Cremer Ich hoffe, dass dies eine Vorbildfunktion für Frauen hat, sich im Bereich des Fußballs zu engagieren, auch für Schlüsselfunktionen. Es mangelt nicht an Akzeptanz für qualifizierte Frauen, das zeigt die Besetzung dieser Position sehr deutlich.

Sie haben mehrfach betont, keine Freundin von Frauenquoten zu sein. Was macht denn Hoffnung, dass es auch ohne geht?

Cremer Wir müssen es schaffen, wieder mehr junge Menschen an die Ehrenämter heranzuführen und entsprechend zu qualifizieren, das betrifft nicht nur Frauen. Das ist ein langer Prozess, ohne den wir auf Sicht keine passenden Stellenbesetzungen im Verein und im Verband mehr vornehmen können, unabhängig vom Geschlecht.

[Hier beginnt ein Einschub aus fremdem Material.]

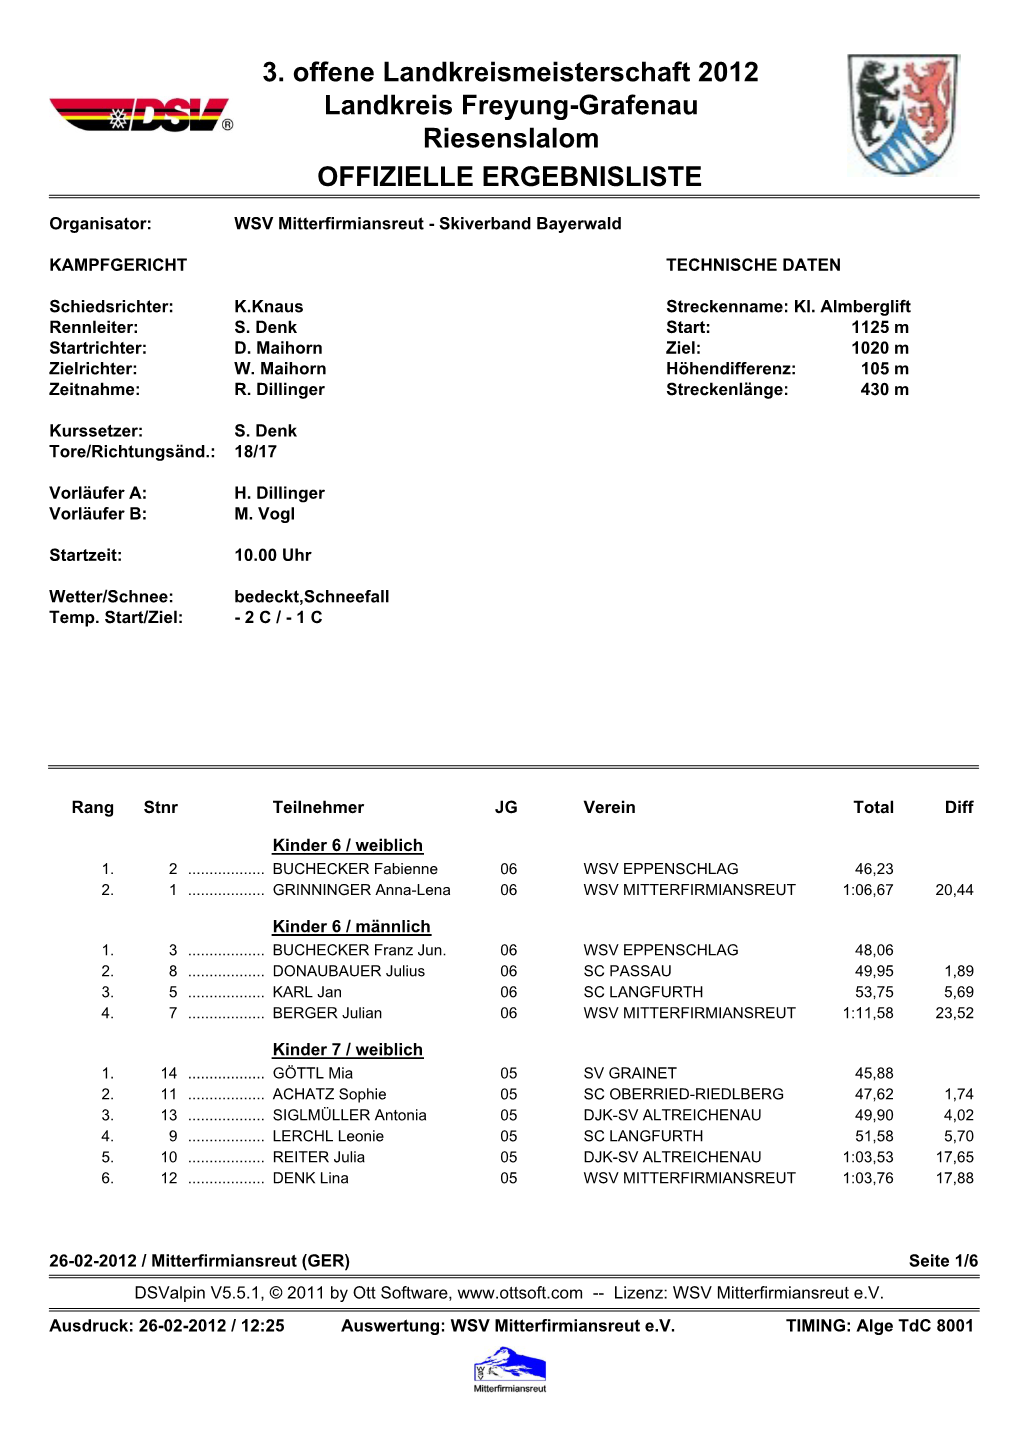 3. Offene Landkreismeisterschaft 2012 Landkreis Freyung-Grafenau Riesenslalom OFFIZIELLE ERGEBNISLISTE

Wie optimistisch sind Sie, dass der Amateurfußball in Mönchengladbach und am Niederrhein vor einer Saison ohne Unterbrechung und Abbruch steht?

Cremer Ich bin als gebürtige Ostwestfälin nicht für Optimismus bekannt, bin aber zuversichtlich, dass wir in diesem Jahr besser durch die Saison kommen. Die Voraussetzungen durch die aktuelle Corona-Schutzverordnung sind etwas anders und jeder hat im Umgang mit der Pandemie, mit Hygiene-, Abstands- und 3G-Regelungen inzwischen eine bessere Routine.